▶ **MATERIAL FOR THE TASK**:
______

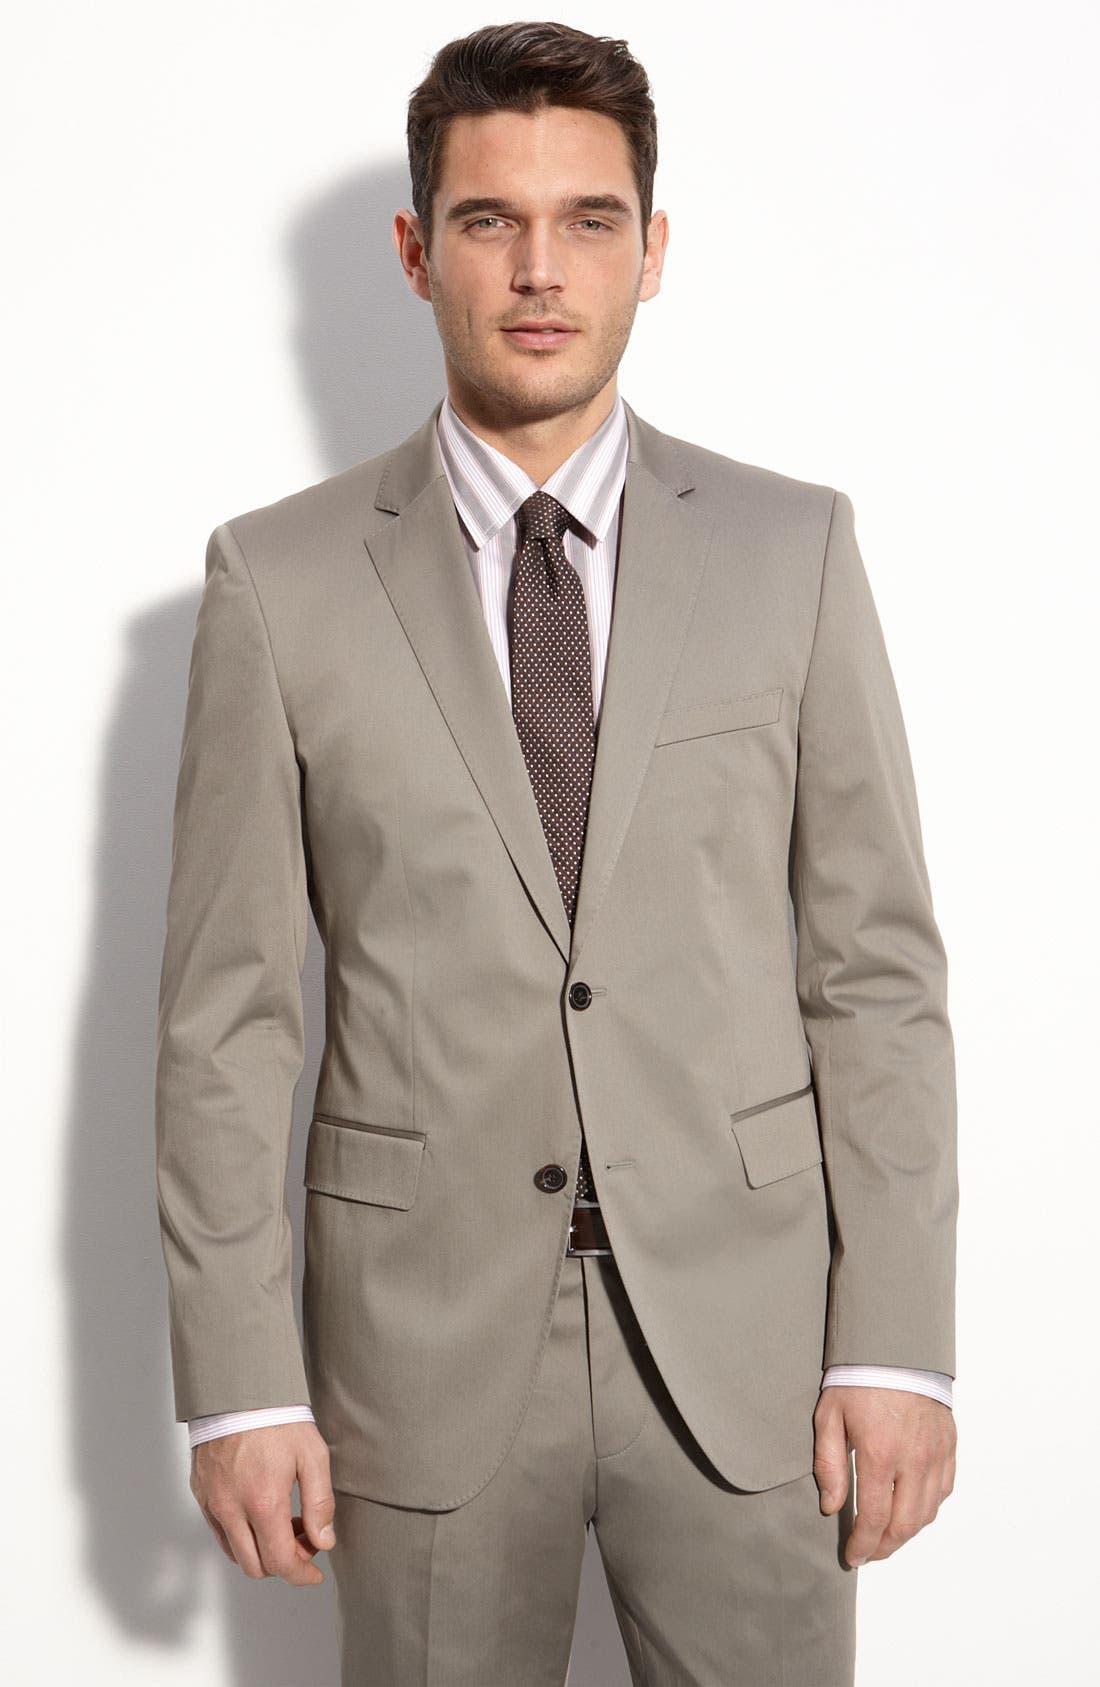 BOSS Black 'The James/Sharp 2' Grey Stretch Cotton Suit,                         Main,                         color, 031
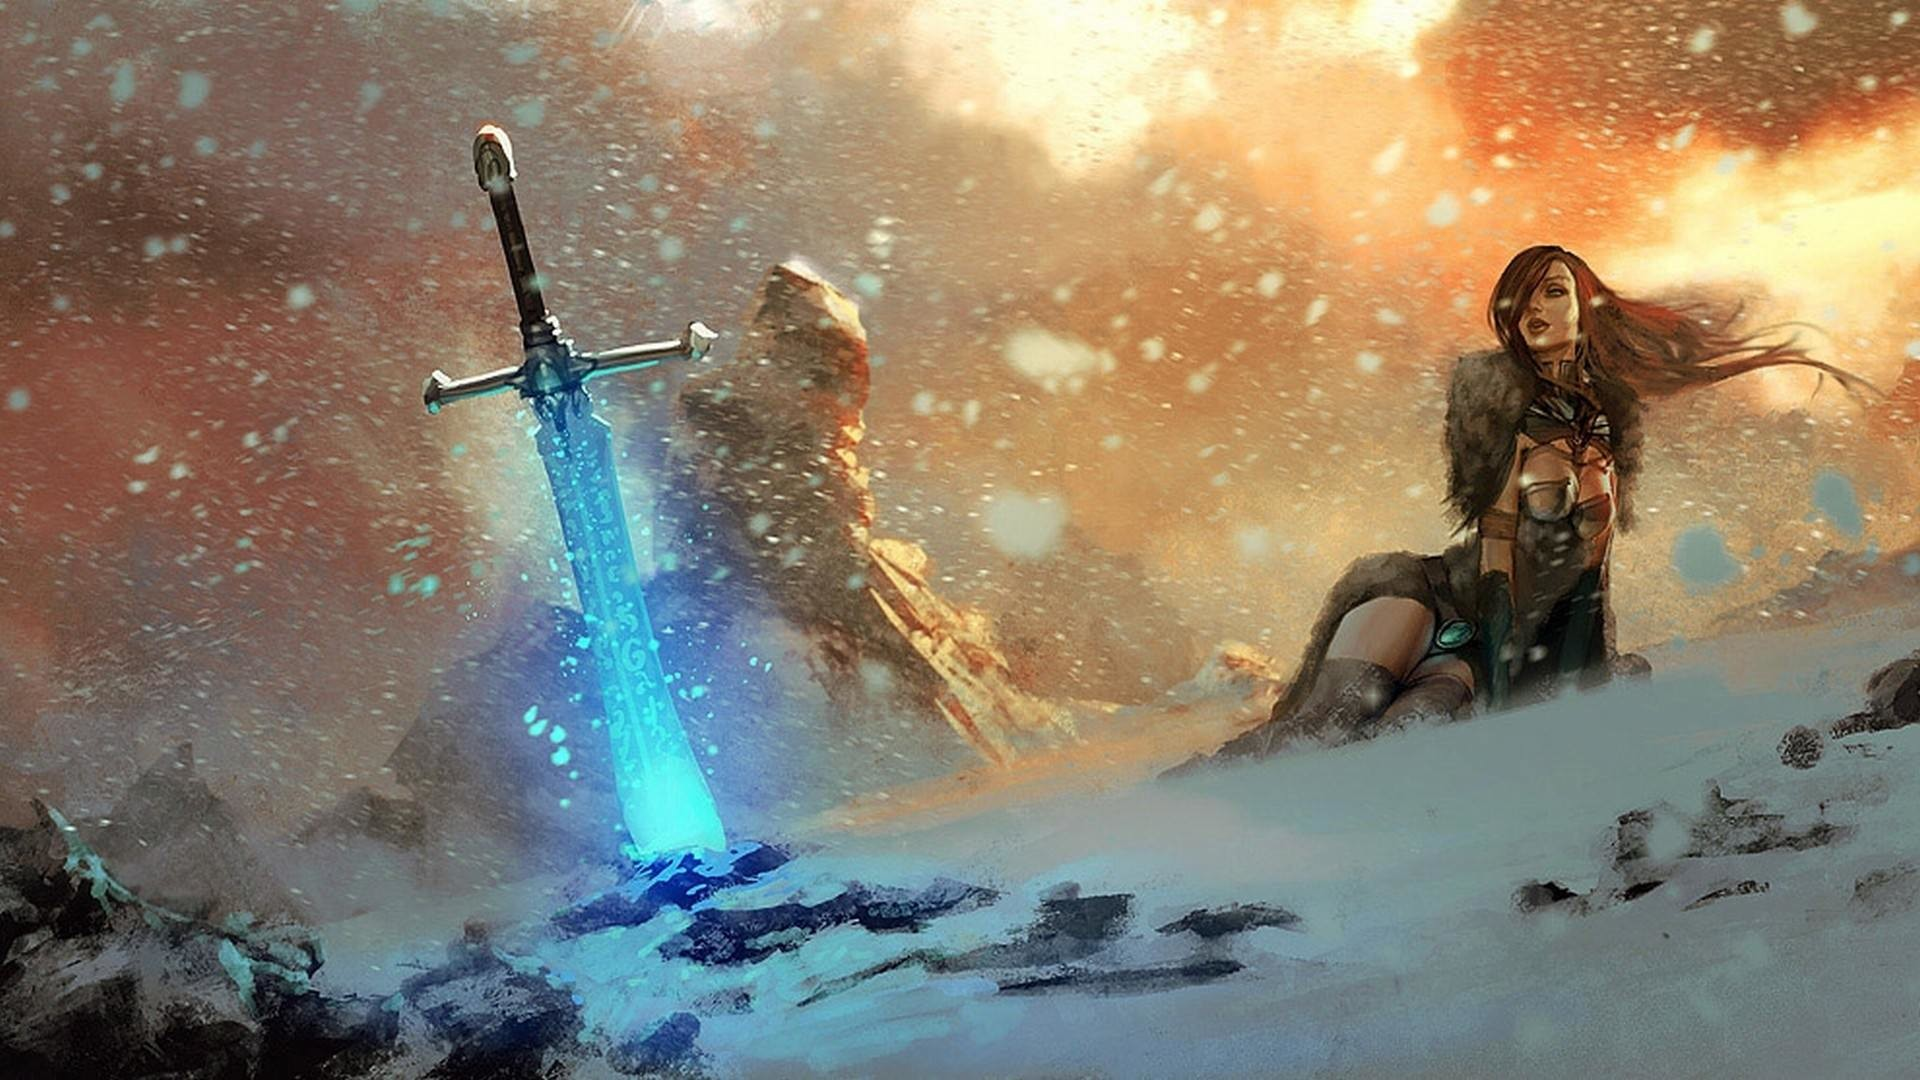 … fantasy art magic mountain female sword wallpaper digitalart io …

______

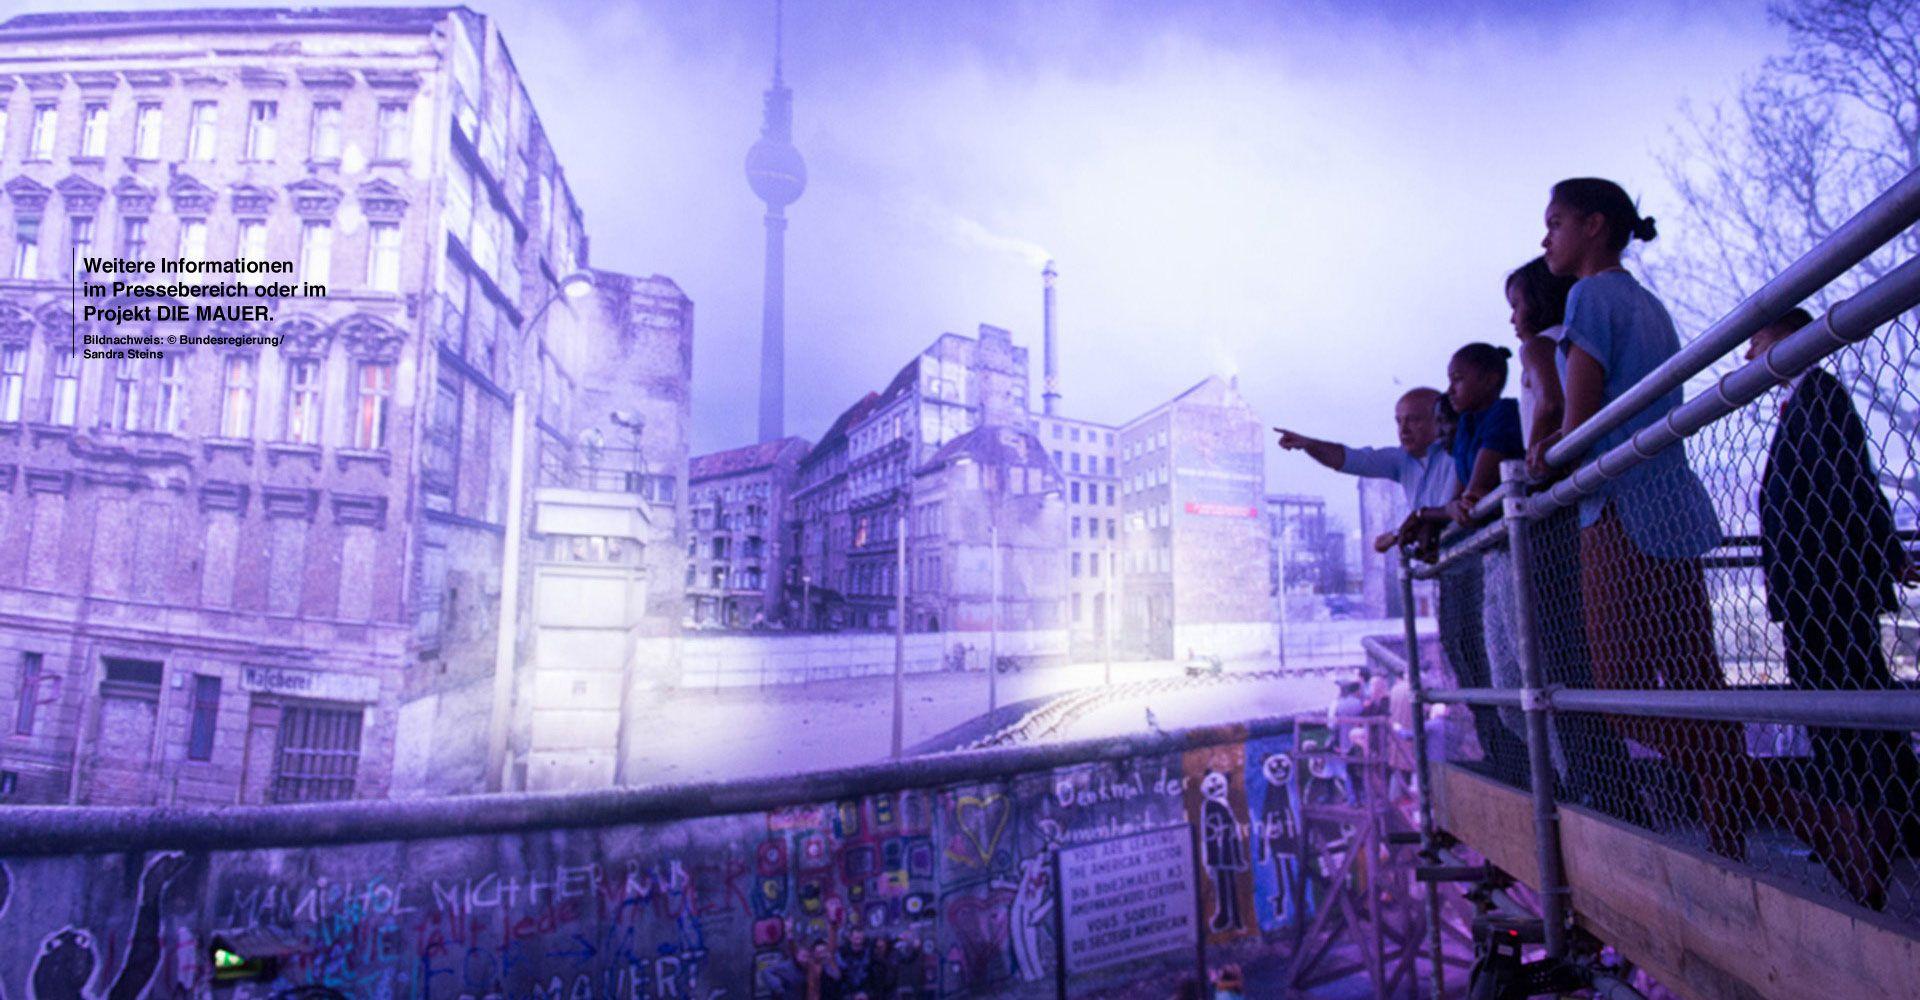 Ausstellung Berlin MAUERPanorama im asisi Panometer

______

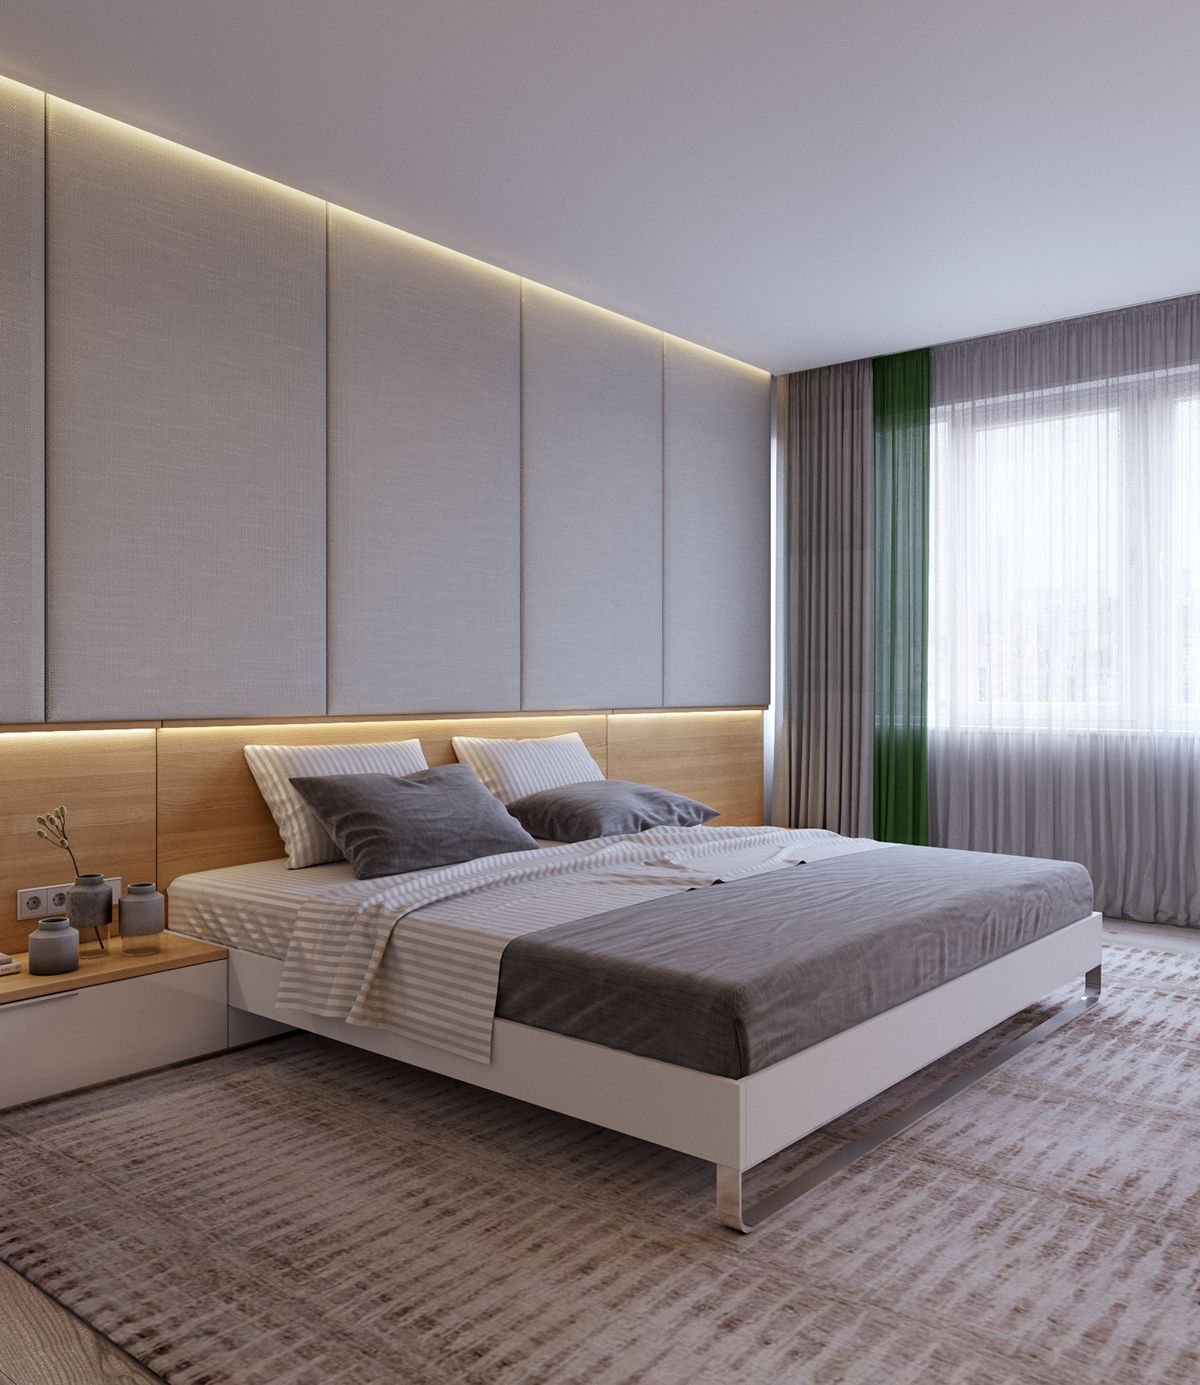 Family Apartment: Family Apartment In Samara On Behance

______

▶ **EXERCISE REQUIREMENTS**: Above are some records; extract exactly the lines from the one containing "BOSS Black 'The" through the one containing "digitalart io …" and drop the pictures.

▶ **SOLVED EXERCISE**:
 BOSS Black 'The James/Sharp 2' Grey Stretch Cotton Suit,                         Main,                         color, 031
 … fantasy art magic mountain female sword wallpaper digitalart io …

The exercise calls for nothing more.